Problem description
Find the line with "Jazak Allah Khairan, Islamic" in the records below. Output exactly from there until after the line with "Autumn colors III: Autumn", without pictures.

Data extracts
━━━

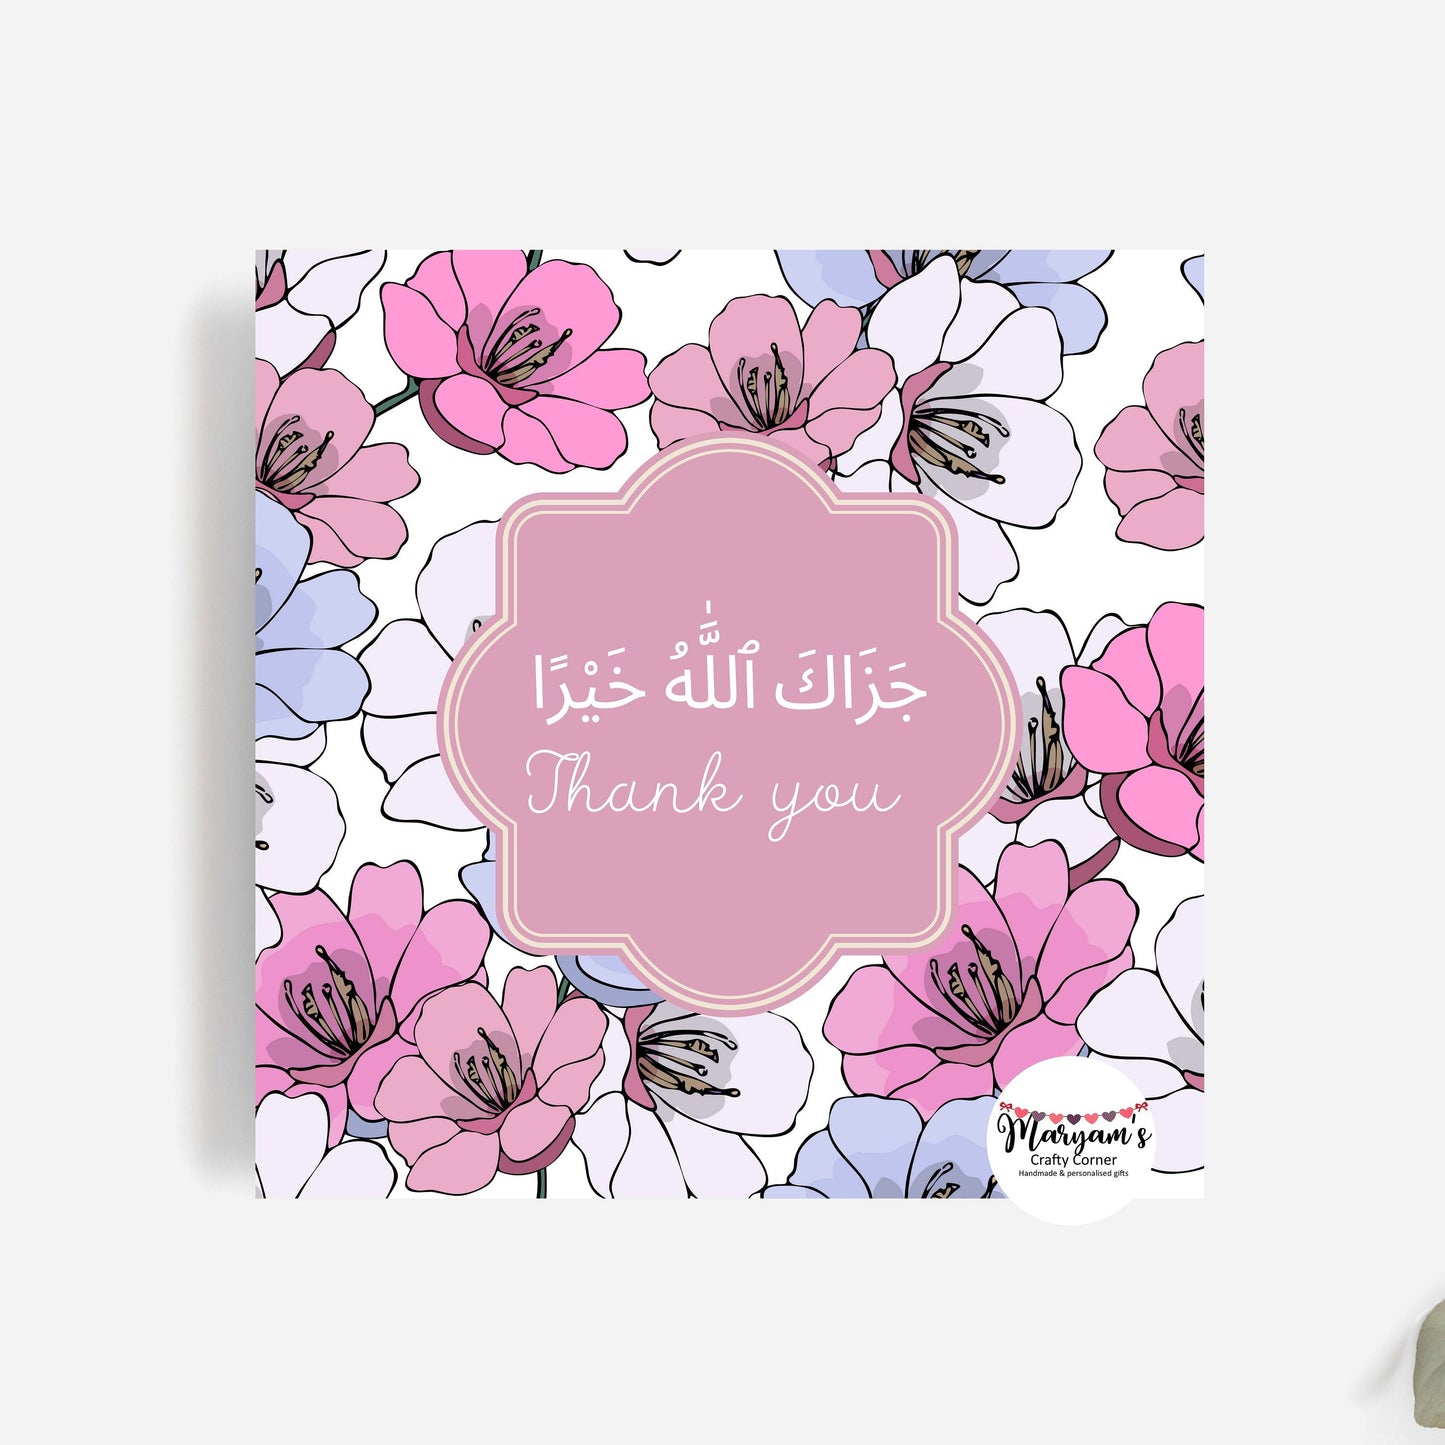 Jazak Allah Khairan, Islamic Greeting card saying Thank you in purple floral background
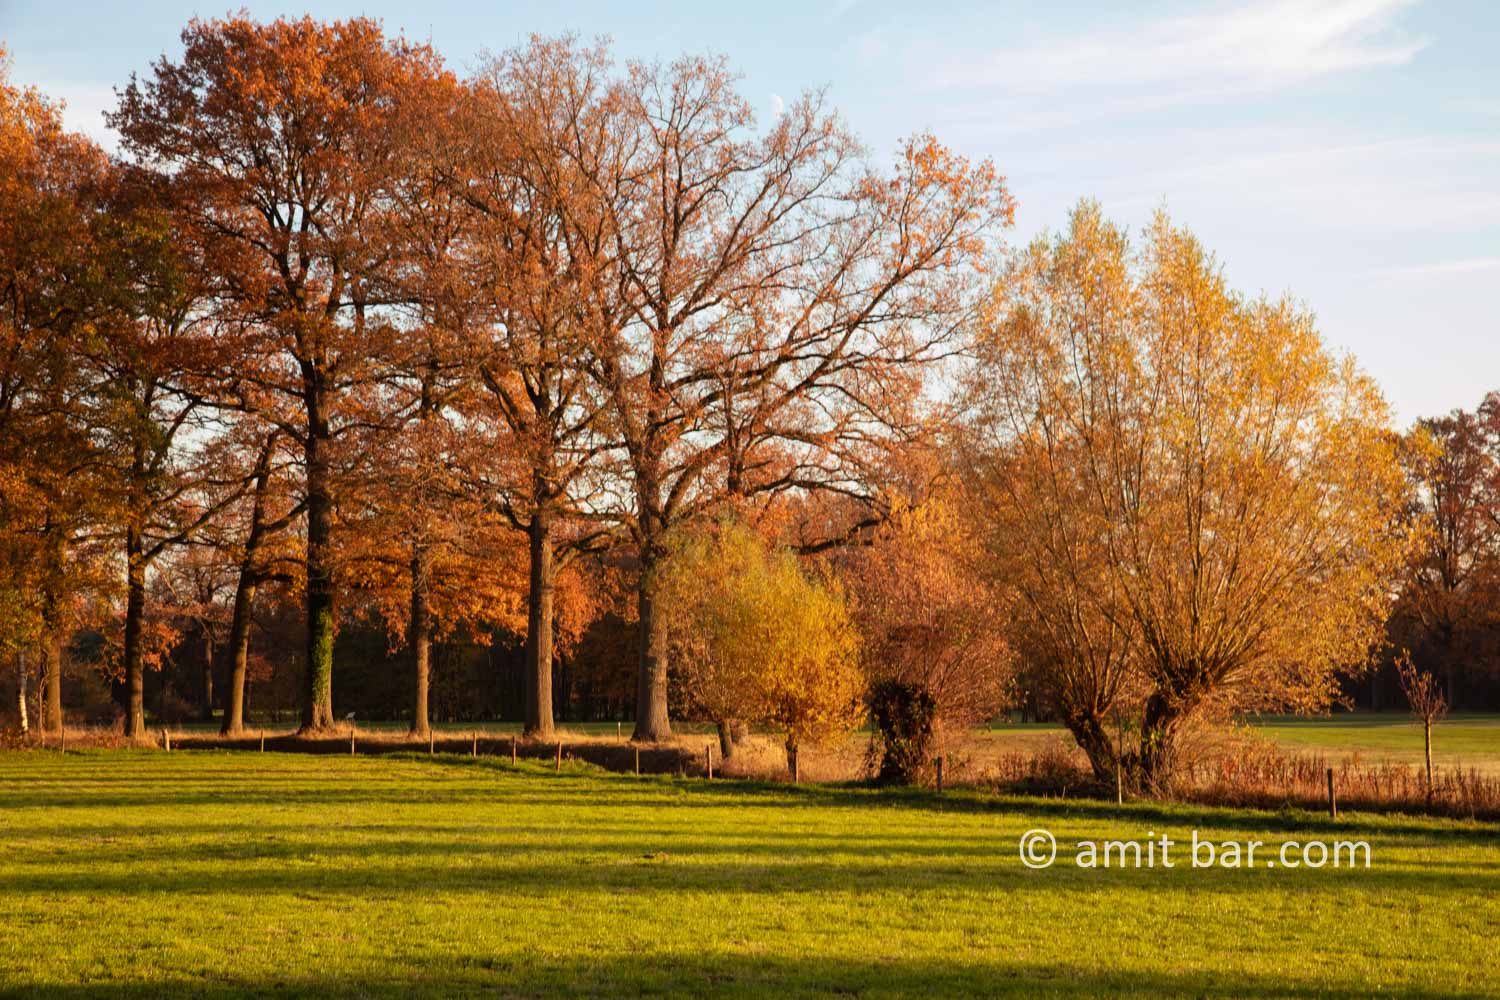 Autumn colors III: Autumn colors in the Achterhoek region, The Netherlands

━━━

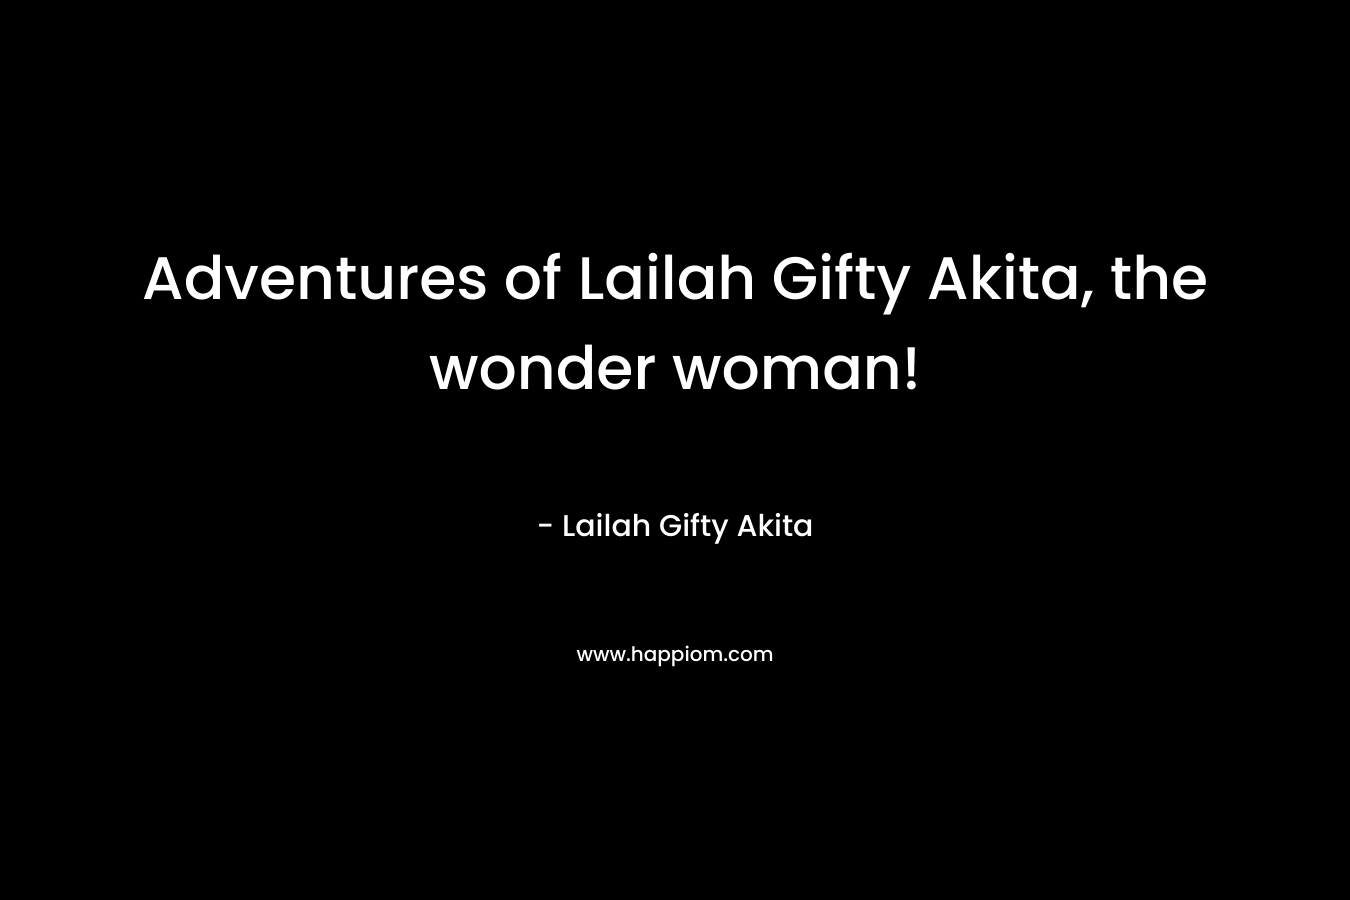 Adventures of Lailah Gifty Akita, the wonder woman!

━━━

Response below
 Jazak Allah Khairan, Islamic Greeting card saying Thank you in purple floral background
 Autumn colors III: Autumn colors in the Achterhoek region, The Netherlands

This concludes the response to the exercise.